Sperling determinou que, como os indivíduos não sabiam de qual linha eles teriam que se lembrar, eles teriam que armazenar todas as linhas. Os resultados mostraram que os
participantes lembraram um pouco mais de três letras, em média, independentemente da linha que tinham de recuperar da memória. Sperling concluiu que isso representava uma capacidade de memória de curto prazo equivalente a nove itens, já que os sujeitos não sabiam qual linha eles iriam precisar reter (assim 3 itens x 3 linhas = uma capacidade 9).
Supõe-se que o sistema de memória de curto prazo do operador do USS Vincenes estaria sob grande tensão enquanto tentava memorizar a leitura de altitude inicial, já que a sequência de dígitos teria flutuado de acordo com a posição do objeto rastreado, limitando a quantidade de tempo disponível para codificação. Além disso, o número de dígitos contidos dentro da leitura inicial estava provavelmente no limite da capacidade de memória de curto prazo. O operador então teve que reter a segunda leitura de altitude na memória de curto prazo, colocando uma demanda ainda maior sobre a capacidade limitada da memória de curto prazo.
Embora o capitão do navio tenha sido bastante criticado por ter sido muito agressivo ao agir baseado em uma informação com falha, um design mais bem elaborado poderia ter removido a responsabilidade do operador de realizar cálculos de altitude manualmente. Portanto, a complexa tarefa de reter dois conjuntos de números e subtrair um do outro, para calcular a altitude dos objetos rastreados, foi considerada um fator importante que contribuiu para o disparo dos mísseis no Airbus.
Em resumo, os erros que levaram à decisão desastrosa de disparar dois mísseis na aeronave civil poderiam ter sido evitados se o design apoiasse melhor o operador. A implementação de alguns meios de exibição das altitudes ao longo do tempo teria reduzido o número de itens que o operador tinha que manter em sua limitada memória e lhe daria mais tempo para codificar as leituras separadas, o que poderia potencialmente ter evitado o erro fatal de cálculo que sugeriu que a aeronave estava descendo para o navio americano.

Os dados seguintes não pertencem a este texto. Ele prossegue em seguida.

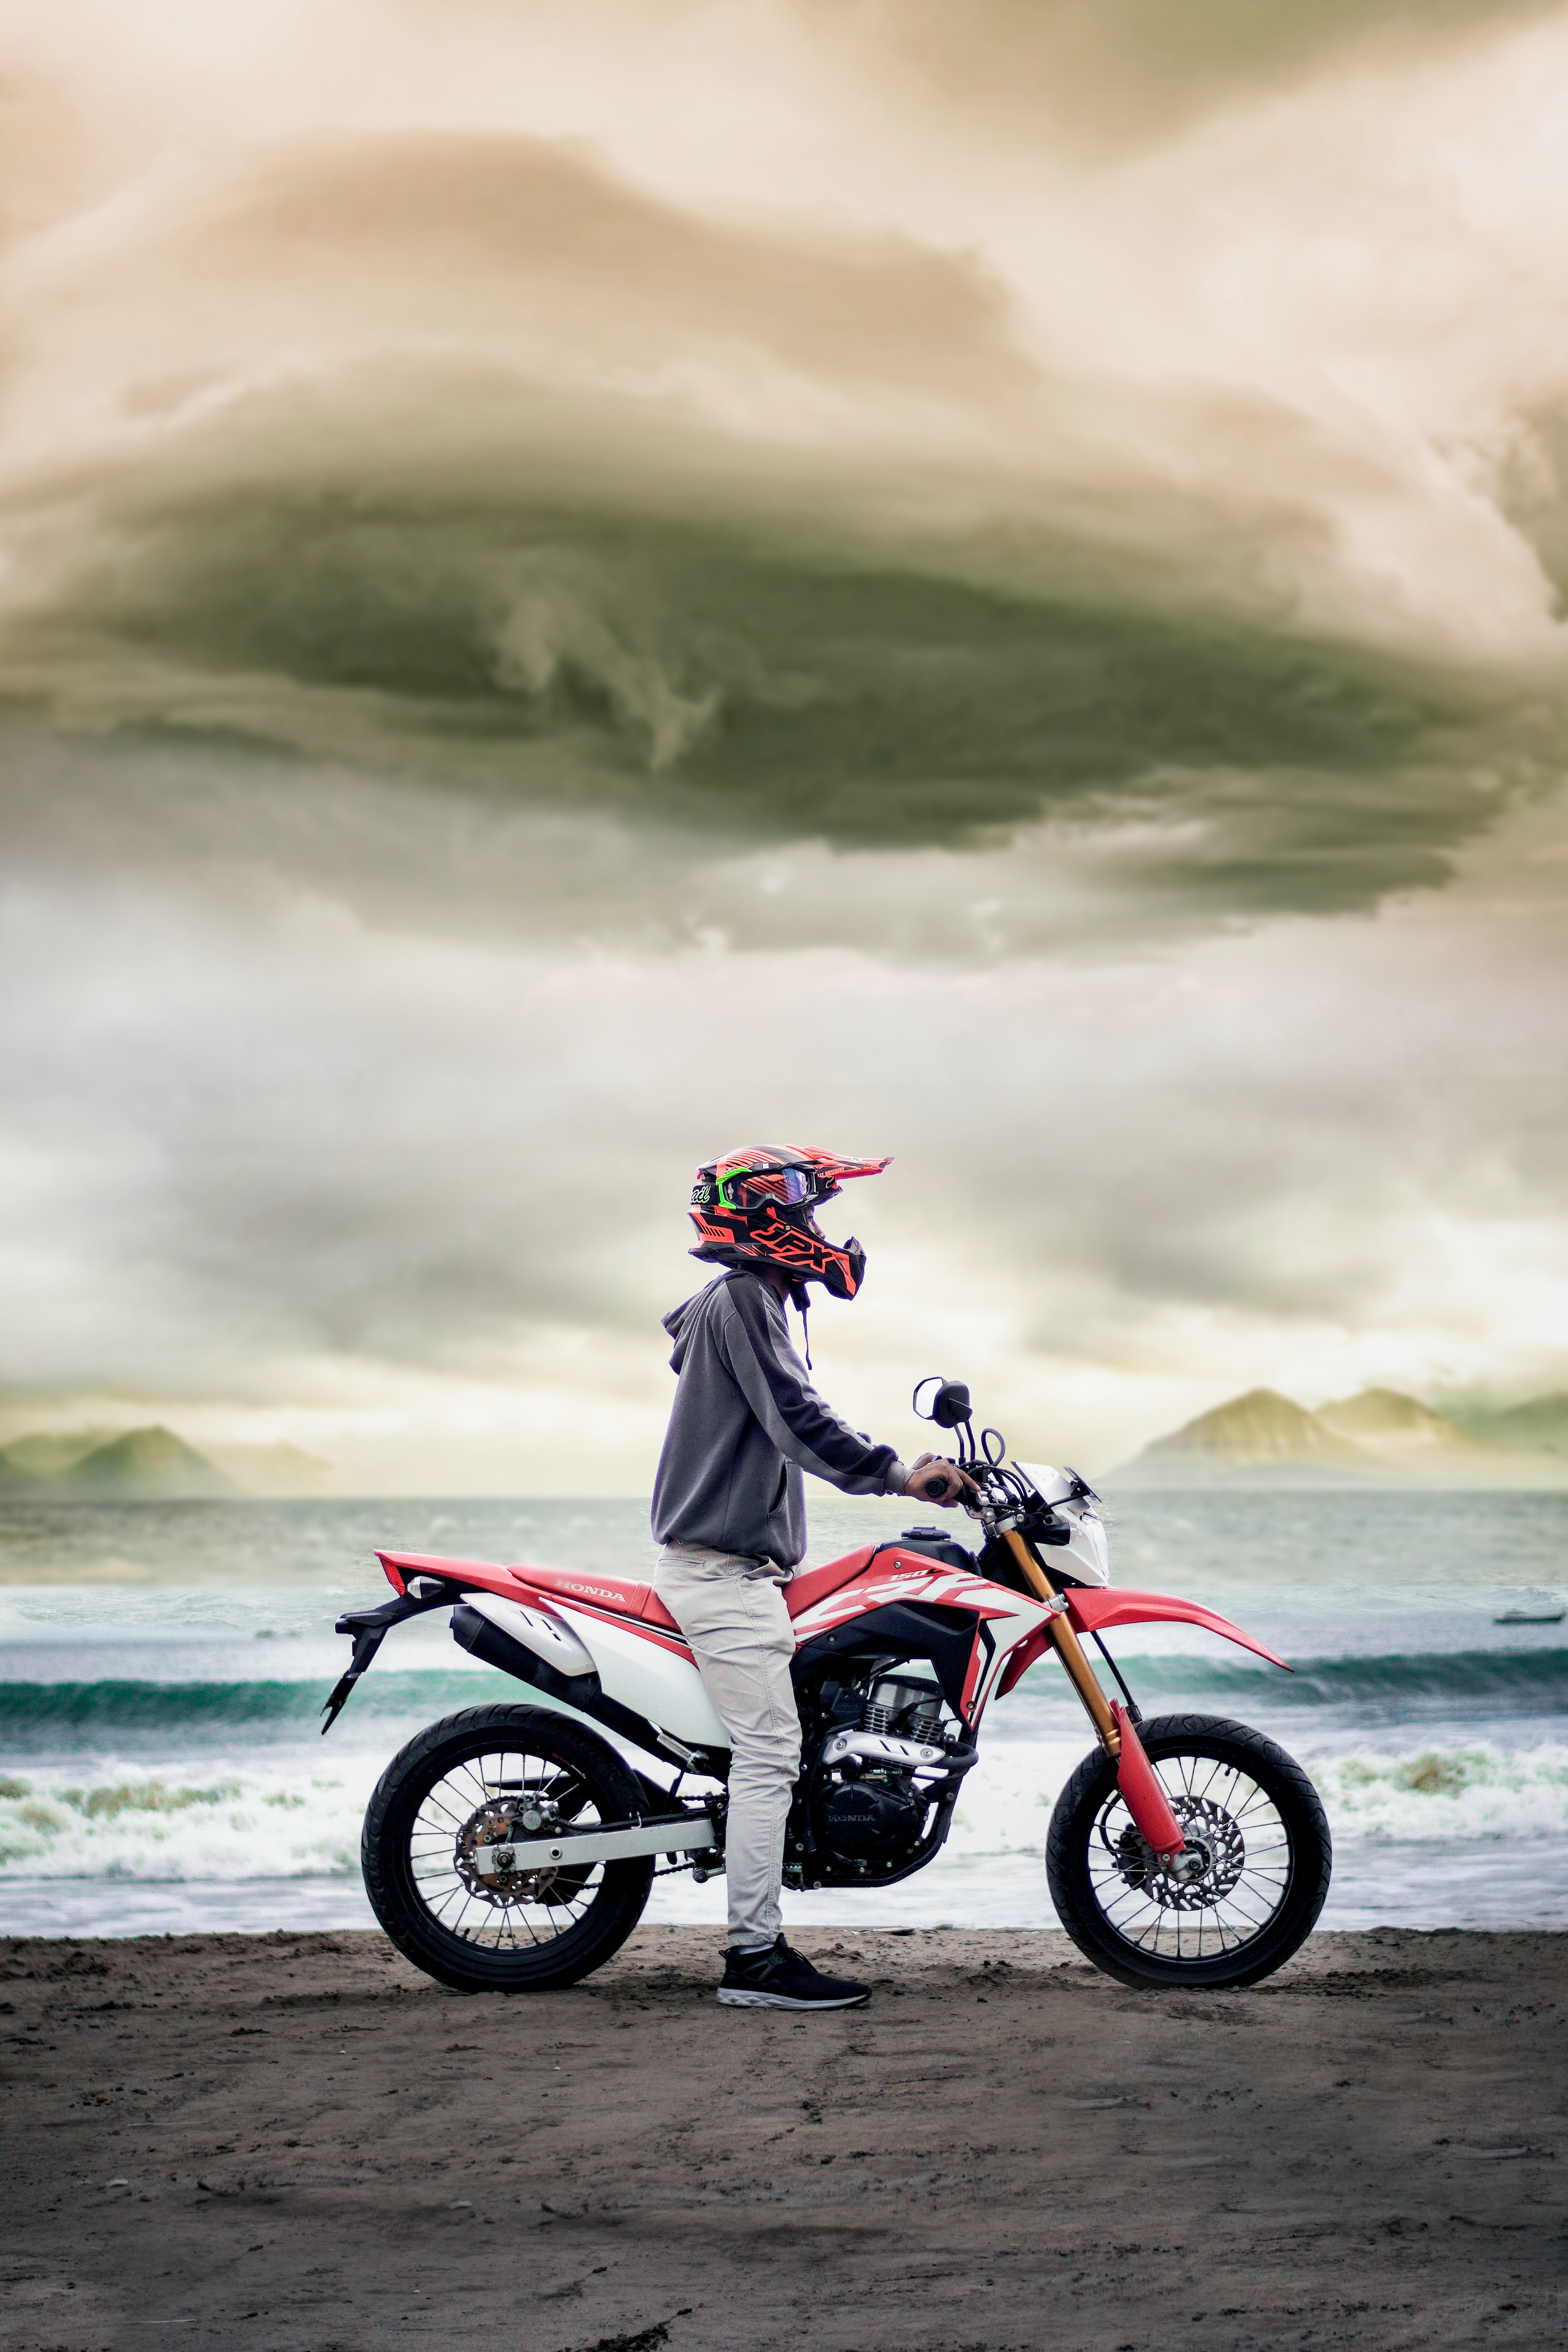 91405 Hintergrundbild herunterladen strand, motorräder, motorradfahrer, motorrad, fahrrad - Bildschirmschoner und Bilder kostenlos

Além disso, projetar um sistema de cursores que instantaneamente determinasse qual conjunto de informações estava relacionado ao objeto selecionado poderia ter evitado o erro de rastreamento que considerou uma aeronave a quilômetros de distância como uma ameaça. Portanto, as interfaces de usuário devem suportar os sistemas de memória falível caso contrário poderá haver um escopo considerável para o erro, que às vezes pode ser fatal.